This repository contains official code for Multi-modal Deepfake Detection and Localization with FPN-Transformer for IJCAI2025 Workshop on Deepfake Detection, Localization, and Interpretability.
Our codebase requires the following Python:
- Python == 3.11.11
You can set up the environment by following these steps:
-
Install the necessary libraries:
pip install -r requirements.txt
-
Part of NMS is implemented in C++. The code can be compiled by:
cd ./libs/utils python setup.py install --user cd ../..
If you encounter an error:
libstdc++.so.6: version GLIBCXX_3.4.32 not found, you can try to fix it by running (for ubuntu):rm $CONDA_PREFIX/lib/libstdc++.so.6 ln -s /usr/lib/x86_64-linux-gnu/libstdc++.so.6 $CONDA_PREFIX/lib/
-
Download the pre-trained weights of CLIP and XCLIP by:
cd .weights bash hfd.sh openai/clip-vit-base-patch16 --tool wget bash hfd.sh microsoft/xclip-base-patch16 --tool wget cd ..
If you failed to connect, you can modify the
export HF_ENDPOINT="https://hf-mirror.com"inhfd.sh.
-
Download DDL-AV training set. After extraction, rename the folder to
.dataset. You can refer to the following structure:.dataset ├── train_data ├── train_metadata_workshop ├── val_data └── val_metadata_workshop -
Download DDL-AV test Set. After extraction, rename the folder to
.dataset_test. You can refer to the following structure:.dataset_test ├── xxxx.mp4 │ .. │ ..

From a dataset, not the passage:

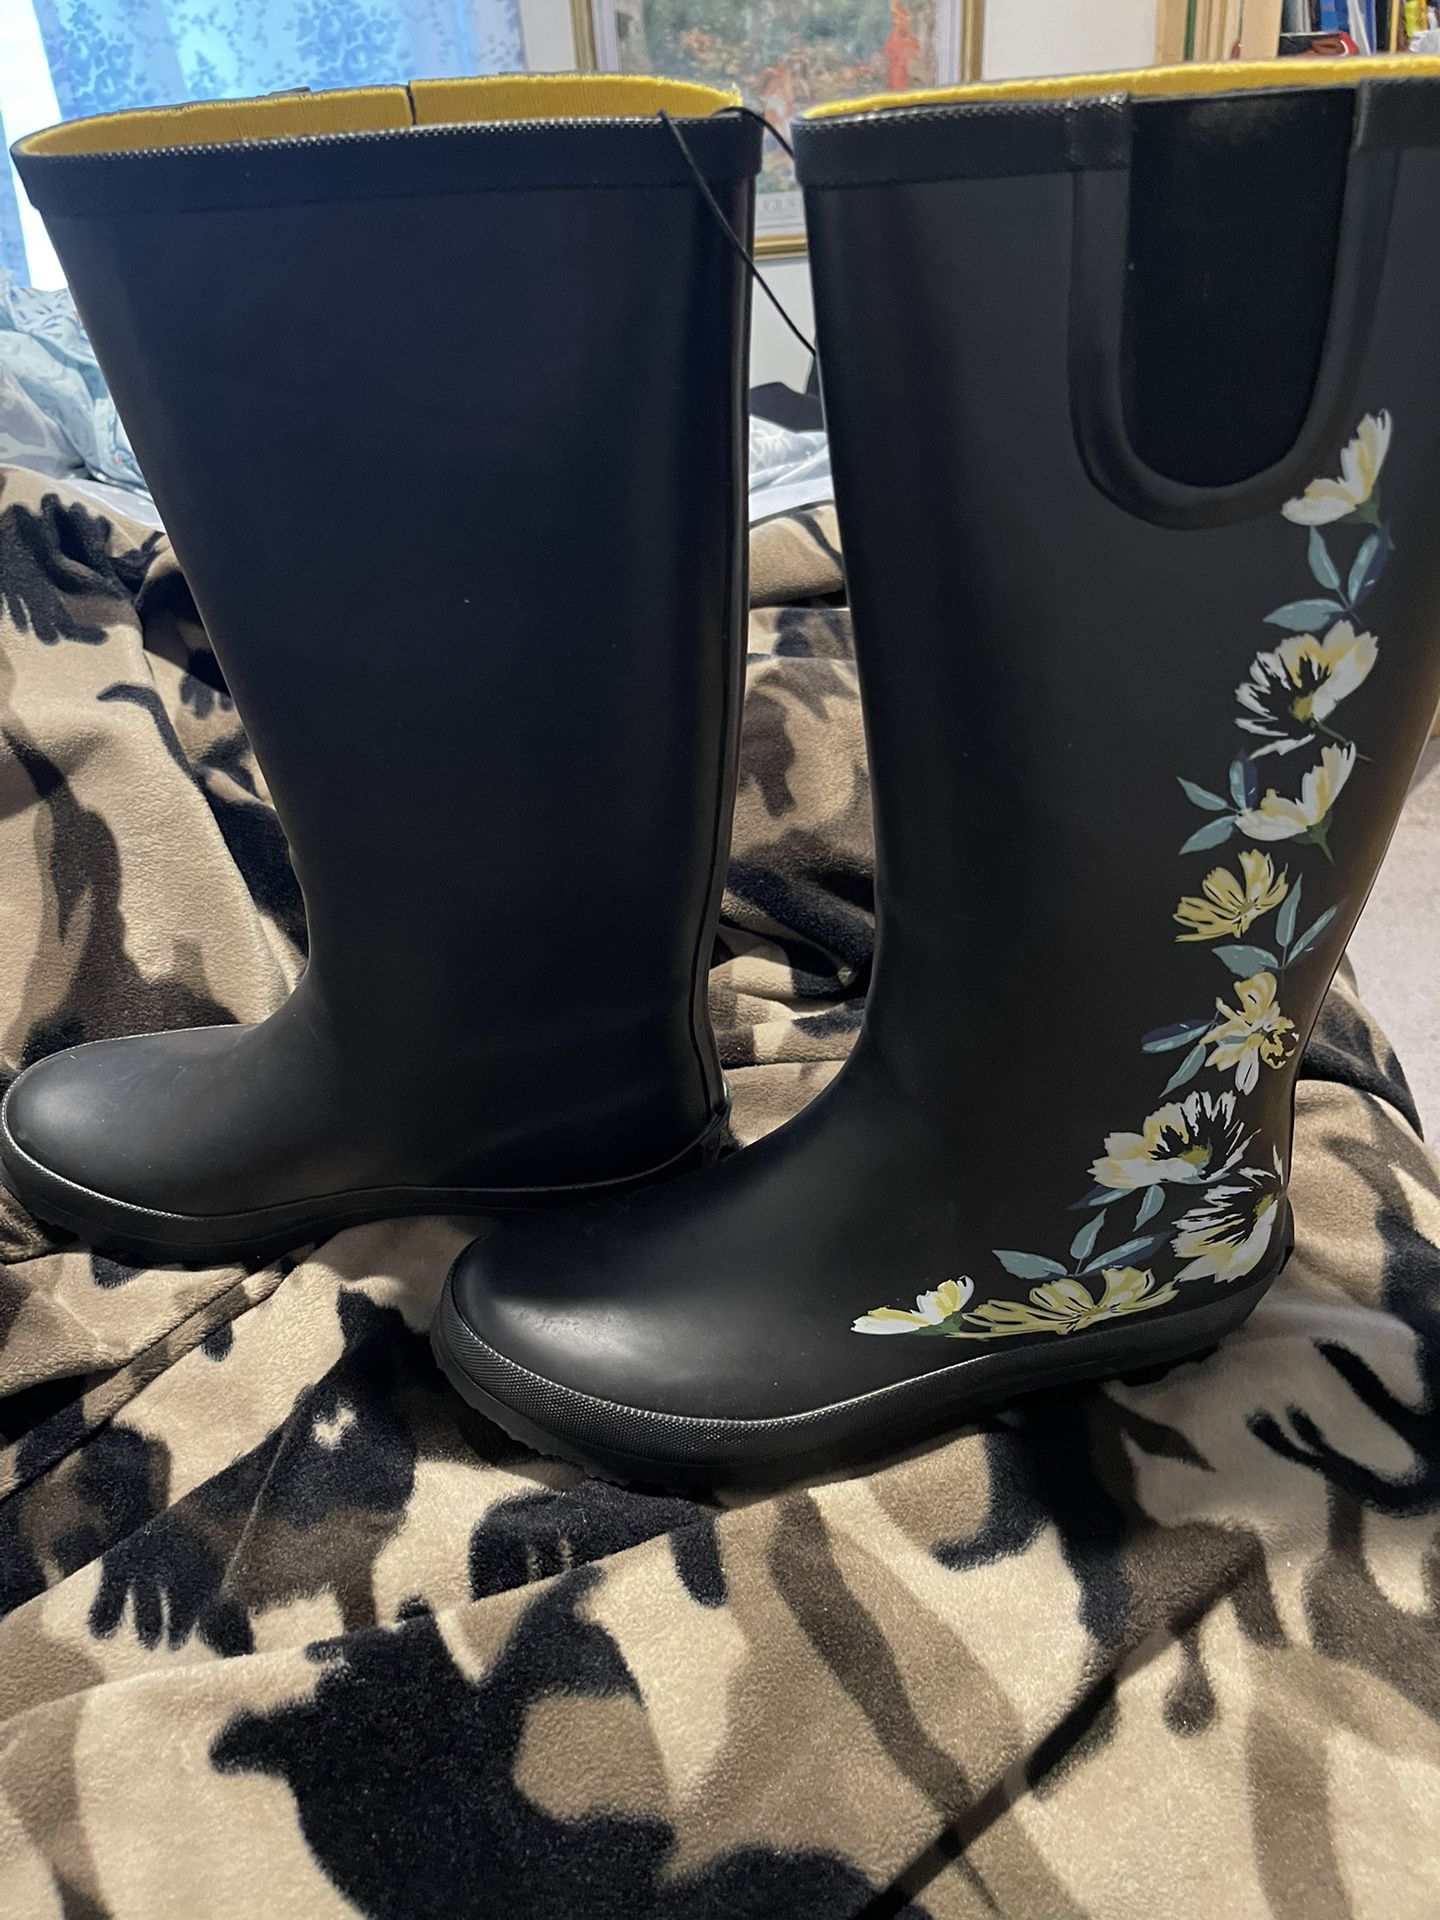 NWT Serra Woman’s Size 9 Tall Flowered Rain Boots

The pre-trained model weights of our method are provided as ./ckpt/ijcai25audio-wavLM/epoch_003.pth.tar and ./ckpt/ijcai25video-CLIP16/epoch_003.pth.tar.
-
After preparing the dataset, you can train the model with the following command.
-
For audio model (default configuration):
python train-audio.py
-
For video model (default configuration):
python train-video.py
-
-
You can get and modify the detailed training parameters through
./configs_train/ijcai25audio-wavLM.yamland./configs_train/ijcai25video-CLIP16.yaml.
-
First, evaluate the audio and video model by running the following command.
-
For audio model (default configuration and model weights):
python test-audio.py
-
For video model (default configuration and model weights):
python test-video.py
After these, the unimodal results will be saved in
./results/. -
-
Then, get the final results by running:
python combine_results.py
After this, the final prediction results will be saved in
./prediction/. -
You can get and modify the detailed test parameters through
./configs_test/ijcai25audio-wavLM.yamland./configs_test/ijcai25video-CLIP16.yaml.
Please refer to Technical-Documentation.PDF in our submitted materials, which includes detailed information about model architecture and implement details.